Mental Health Benefits for Employee Retention – Attract and Retain Talent

employee retention and mental health benefits

Employee turnover is at an all-time high despite forecasts of a coming recession. Any organisation will find it more difficult to retain employees in a competitive hiring market. Meeting each employee’s specific demands, however, is probably the best course of action. Mental health care is a crucial need as employees experience more stress both inside and outside of the workplace. However, many people still encounter considerable obstacles.

Over 115 million Americans live in a region where there is a shortage of clinically licenced therapists, despite the fact that one in three adults suffer from anxiety or depression, according to research. In addition, only 55% of psychiatrists accept insurance, compared to 89% for all other medical specialists. According to research, 79% of employees are more likely to stick with a company that offers top-notch mental health resources.

Equitable mental health benefits will be critical in attracting and hiring talent, essential for employee retention, and helpful in producing increased workforce productivity and efficiency as workers look for employers that better meet their needs.

Employee Retention is Critical

Retaining top personnel is essential as firms work to recover from pandemic losses and The Great Resignation’s consequences. Increased turnover is expensive for businesses since it takes an average of six to nine months’ compensation to find a replacement for a departing employee. However, many businesses use the costly strategy of offering top executives cash incentives as a retention strategy.

According to a McKinsey study, this money is seldom efficiently spent since it goes to workers who are expected to remain in their current positions. Further study reveals that a combination of financial and non-financial incentives targeted at staff members at risk of leaving at all levels only needs a fourth of the funding previously required and is more likely to increase employee retention across the board.

Employee stress has grown as a result of the significant changes in workplace requirements over the last several years. Burnout at work is a problem for more than 50% of US workers. Employees of colour experience microaggressions in addition to regular workplace pressures, which increases burnout. However, a lot of business executives are ignorant of how burnout affects workers. According to a recent survey we conducted on workplace burnout, 67% of senior executives and 54% of HR leaders want to resume their pre-pandemic mental health strategies in the next year. As opposed to this, 81% of managers and 73% of workers said they would be more inclined to remain with a firm that provided top-notch mental health facilities.

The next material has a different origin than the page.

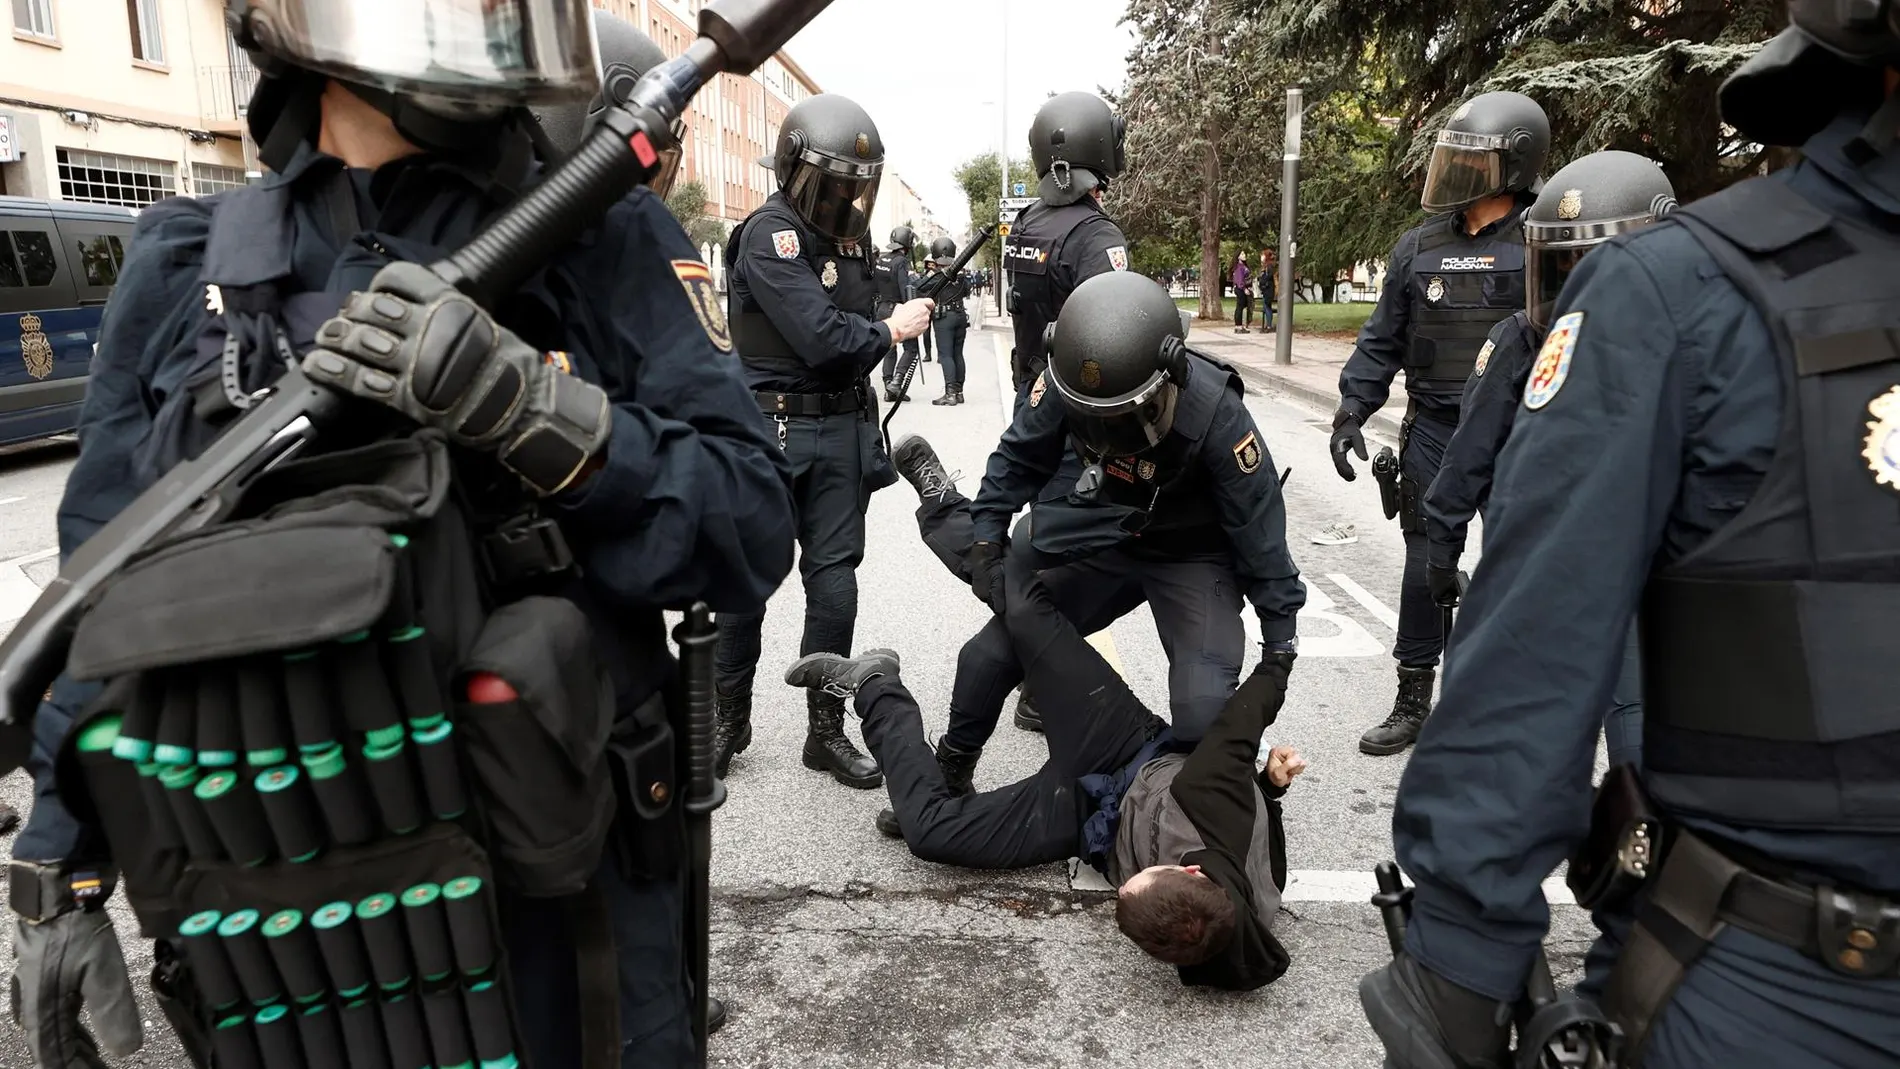 Los altercados de Pamplona dejan 6 detenidos y 4 policías municipales heridos
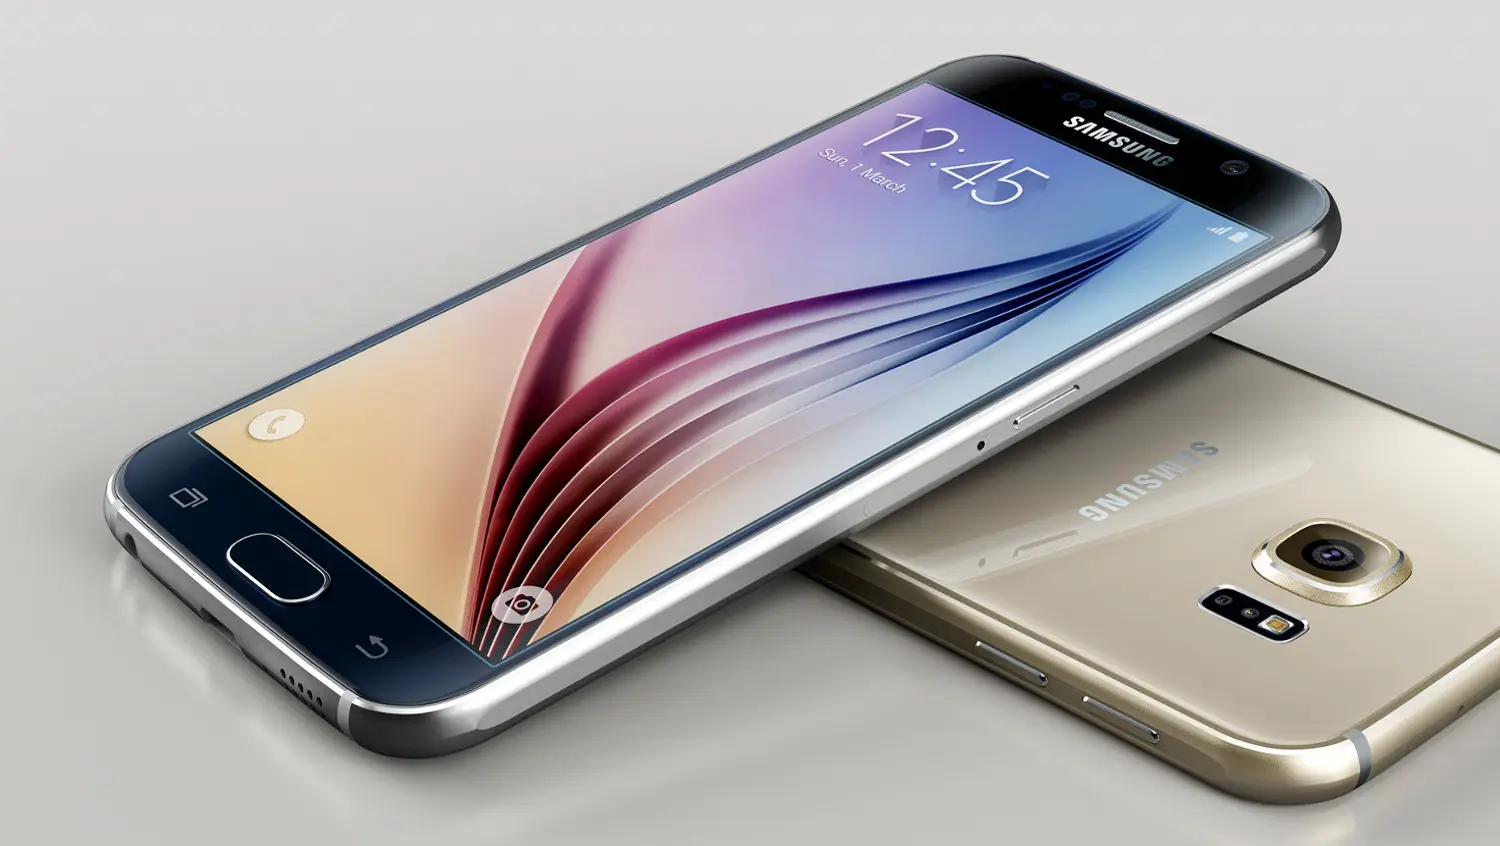 Sucesor del Galaxy S6 revela sus especificaciones técnicas

The fact that 73% of non-managerial workers and 76% of managers stated they prioritised mental health benefits above other employer-sponsored benefits may be more significant.

McKinsey & Company research shows a comparable disparity.

  • Only 51% of workers think that their mental health is supported well or very well by their workplace, according to 65% of employers.
    While just 27% of frontline employee respondents agree, 71% of employers employing frontline staff say they support mental health well or very well.
  • While 84% of employees with drug use disorders say it is difficult to receive care, 20% of employers say expanding access to substance use disorder treatment and recovery services is a priority.
  • While 67% of workers with a mental illness say it is difficult to receive care, 31% of companies say enhancing access to mental disease treatment is a priority.
  • While 79% of all workers believe an anti-stigma/awareness campaign would be helpful, just 23% of employers report having adopted one in the previous year.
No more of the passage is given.